Synthetic data

CPRD has generated a number of synthetic datasets that can be used for training purposes or to improve algorithms or machine learning workflows.

High-fidelity synthetic datasets
- CPRD cardiovascular disease synthetic dataset
- CPRD COVID-19 symptoms and risk factors synthetic dataset
Medium-fidelity synthetic datasets
- CPRD Aurum and CPRD GOLD sample datasets

Access to the datasets

The synthetic datasets will need a data sharing agreement (DSA) with the applicant’s organisation for access in line with advice received from the Information Commissioner’s Office (ICO) Innovation Hub in response to a formal query by the MHRA.

For access to these datasets please submit the CPRD Synthetic data access request form to enquiries@cprd.com including ‘Synthetic data access request’ in the email subject header. Applicants from organisations that are not existing CPRD clients will also need to submit a new client request form.

Existing multi-study licence (MSL) clients will not need a separate DSA to access the sample datasets as this can be added to their MSL agreement upon request. MSL clients do not need to submit a synthetic data access request form and can apply to access to the sample datasets at no additional cost by emailing enquiries@cprd.com.

Download: CPRD synthetic data access request form v1.1 (Word, 410KB, 3 pages)

Find out about pricing information on our web page or by contacting enquiries@cprd.com.

High-fidelity synthetic datasets

CPRD has generated high-fidelity synthetic datasets using a synthetic data generation and evaluation framework that was developed under a grant from the Regulators’ Pioneer Fund launched by The Department for Business, Energy and Industrial Strategy (BEIS) and managed by Innovate UK. The synthetic data generation and evaluation framework used to generate this synthetic dataset and the synthetic datasets are owned by the Medicines and Healthcare products Regulatory Agency (MHRA).

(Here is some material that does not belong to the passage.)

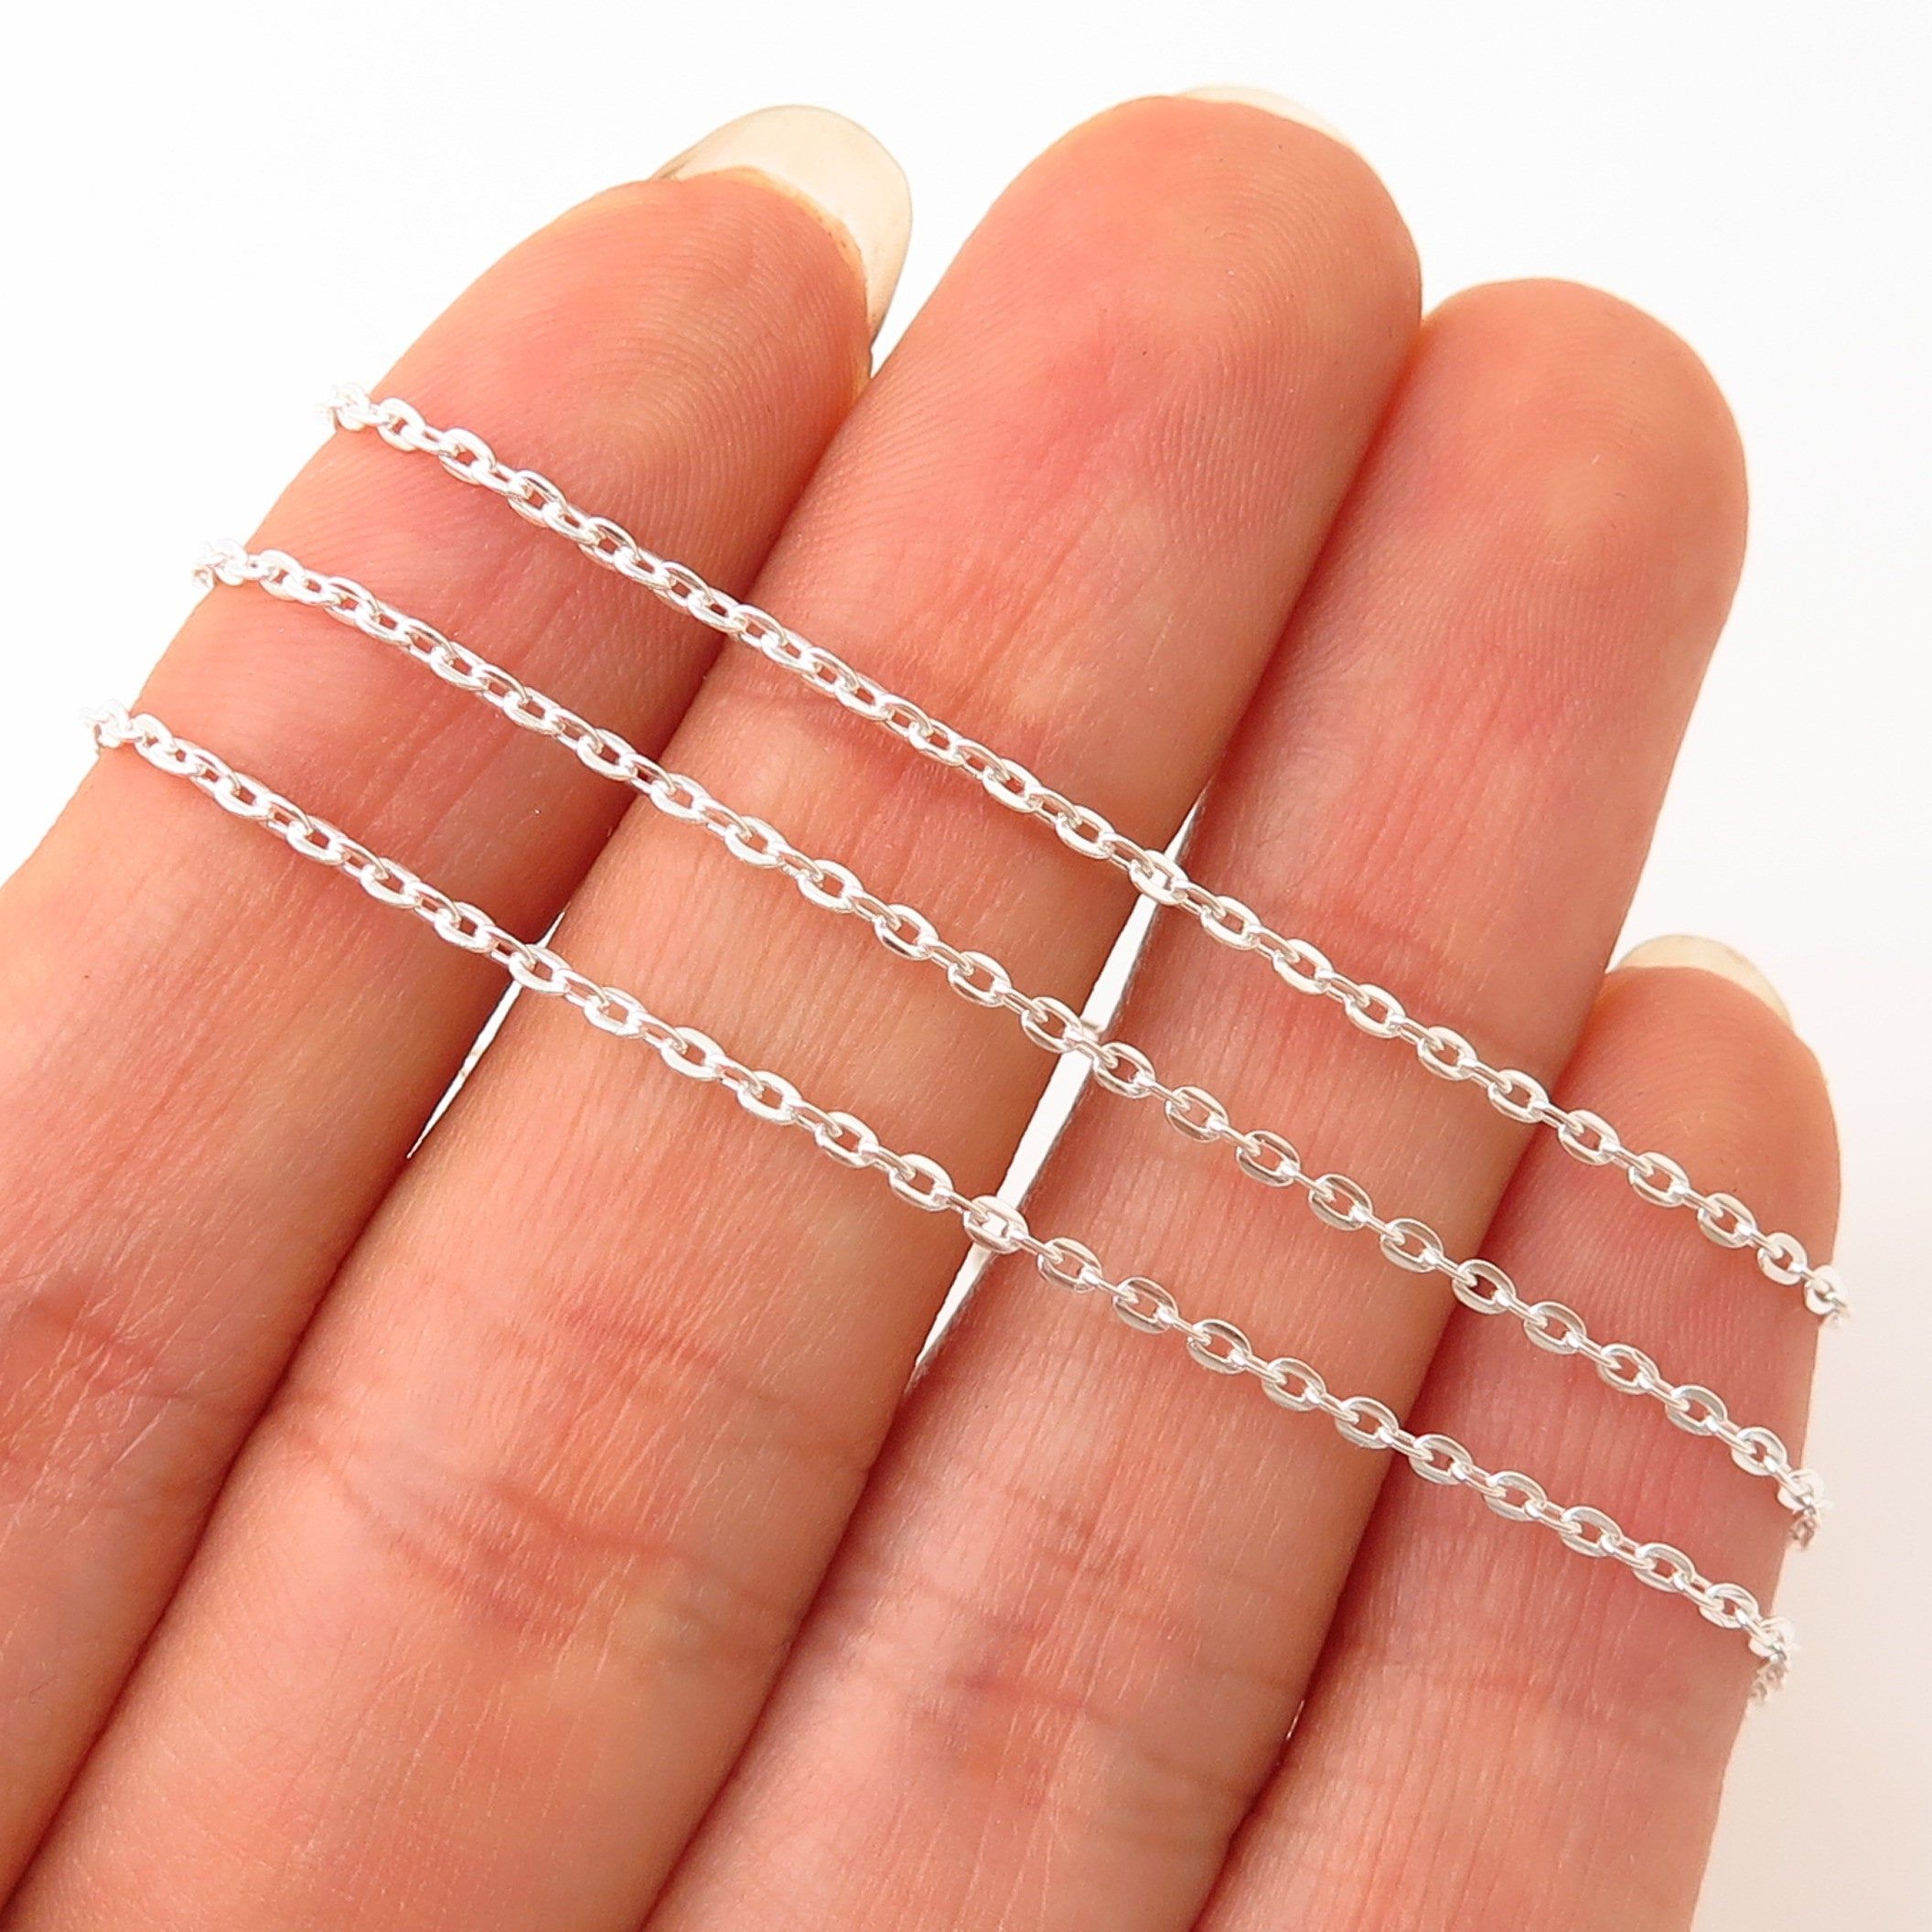 925 Sterling Silver Classic Cable Chain Necklaces 17" Intended For 2019 Classic Cable Chain Necklaces (View 2 of 25)

A detailed technical description of the methodology used to generate the synthetic datasets is available in the publications by Wang et al. (2021) and Tucker et al. (2020).

These high-fidelity synthetic datasets replicate the complex clinical relationships in real primary care patient data while protecting patient privacy as they are wholly synthetic. They can be used instead of real patient data for complex statistical analyses as well as machine learning and artificial intelligence (AI) research applications.

The high-fidelity synthetic datasets are based on data derived from CPRD Aurum and as such, are not suitable if you wish to understand the raw structure of the CPRD Aurum database. For this purpose, please request the medium-fidelity CPRD Aurum sample dataset.

The high-fidelity synthetic datasets are being made available with a nominal administrative fee. An additional fee will apply for an annual teaching licence.

CPRD cardiovascular disease synthetic dataset

This synthetic dataset is based on anonymised real primary care patient data extracted from the CPRD Aurum database. The dataset focuses on cardiovascular disease risk factors and was a proof-of-concept dataset developed as part of a project funded by the Regulators’ Pioneer Fund launched by The Department for Business, Energy and Industrial Strategy (BEIS) and managed by Innovate UK.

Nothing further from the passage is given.